Amgen - Biotech's Biggest Spenders 2011
Company: Amgen ($AMGN)
Based: Thousand Oaks, CA
R&D budget: $2.8B (€2.15B)
Change from 2009: +1%
Net sales spent on R&D: 19.2%
When the world's biggest biotech sees R&D costs as a portion of net sales drifting close to the 20% mark, analysts fret. In the third quarter, Amgen's research costs surged 11%, with AMG 386, ganitumab (AMG 479), talimogene laherparepvec--a promising therapeutic cancer vaccine which has also been called OncoVex (GM-CSF)--and AMG 145 driving its expenses northward. Like many Big Pharma companies have been doing, Amgen moved to fix the math, axing 380 R&D workers and clustering its resources more closely around those late-stage programs.
The jewels in Amgen's R&D crown:
- Ganitumab (AMG 479), a monoclonal antibody designed to block a chemical signal that allows tumors to grow unchecked. The drug targets type 1 IGF-1R, a cell growth regulator. By inhibiting IGF-1R, Amgen's investigators believe they can put the brakes on pancreatic cancer tumors and improve overall survival rates for patients.
- AMG 386, now moving into late-stage studies for ovarian cancer. The treatment combined with paclitaxel demonstrated antitumor activity in a randomized Phase II study with 161 patients. AMG 386 is what Amgen describes as a "first-in-class investigational peptibody" designed to target the blood vessels that feed tumors.
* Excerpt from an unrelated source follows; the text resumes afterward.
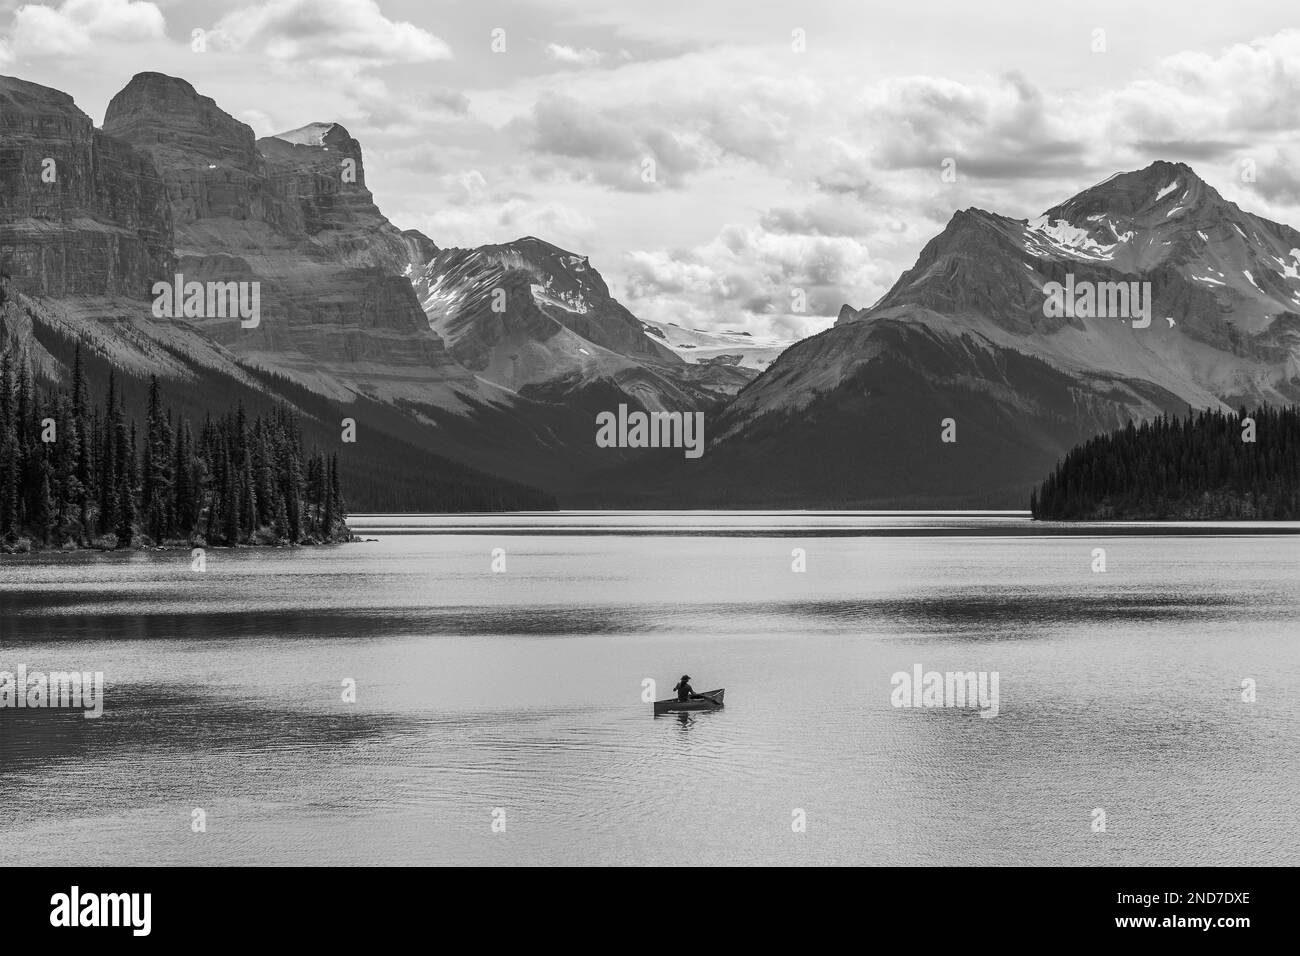 Aventurier solitaire lors d'une excursion en canoë noir et blanc sur le lac Maligne, les Rocheuses canadiennes, le parc national Jasper, Alberta, Canada. Banque D'Images
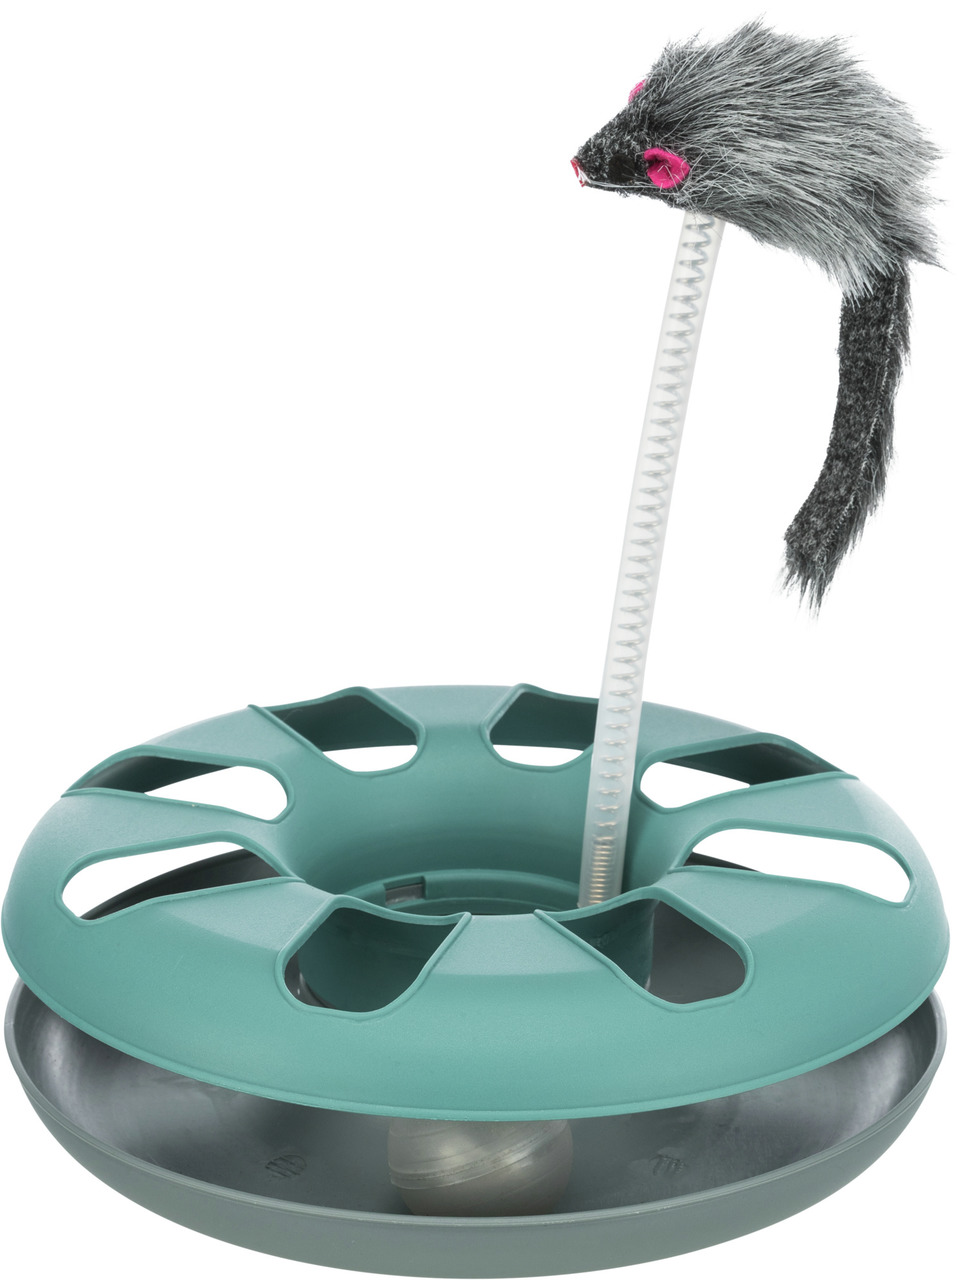 TRIXIE Crazy Circle mit Plüschmaus Durchmesser 24 x 29 Centimeter Katzenspielzeug

- OncoVex, which was so alluring that the world's biggest independent biotech offered up to a billion dollars to gain control of BioVex, which had developed the melanoma drug. The therapeutic cancer vaccine not only attacks cancer cells with a cold sore virus, it also revs up the immune system to prompt an attack on the disease. AMG 145, meanwhile, is being investigated for the treatment of hypercholesterolemia, or high levels of cholesterol in the blood.
Amgen's executive team has a perfect understanding of its priorities. It needs to see a big approval in the near term, handle its cash in accordance with Wall Street rules and prove its future deserves to be seen as bright as its biggest earners face growing competition.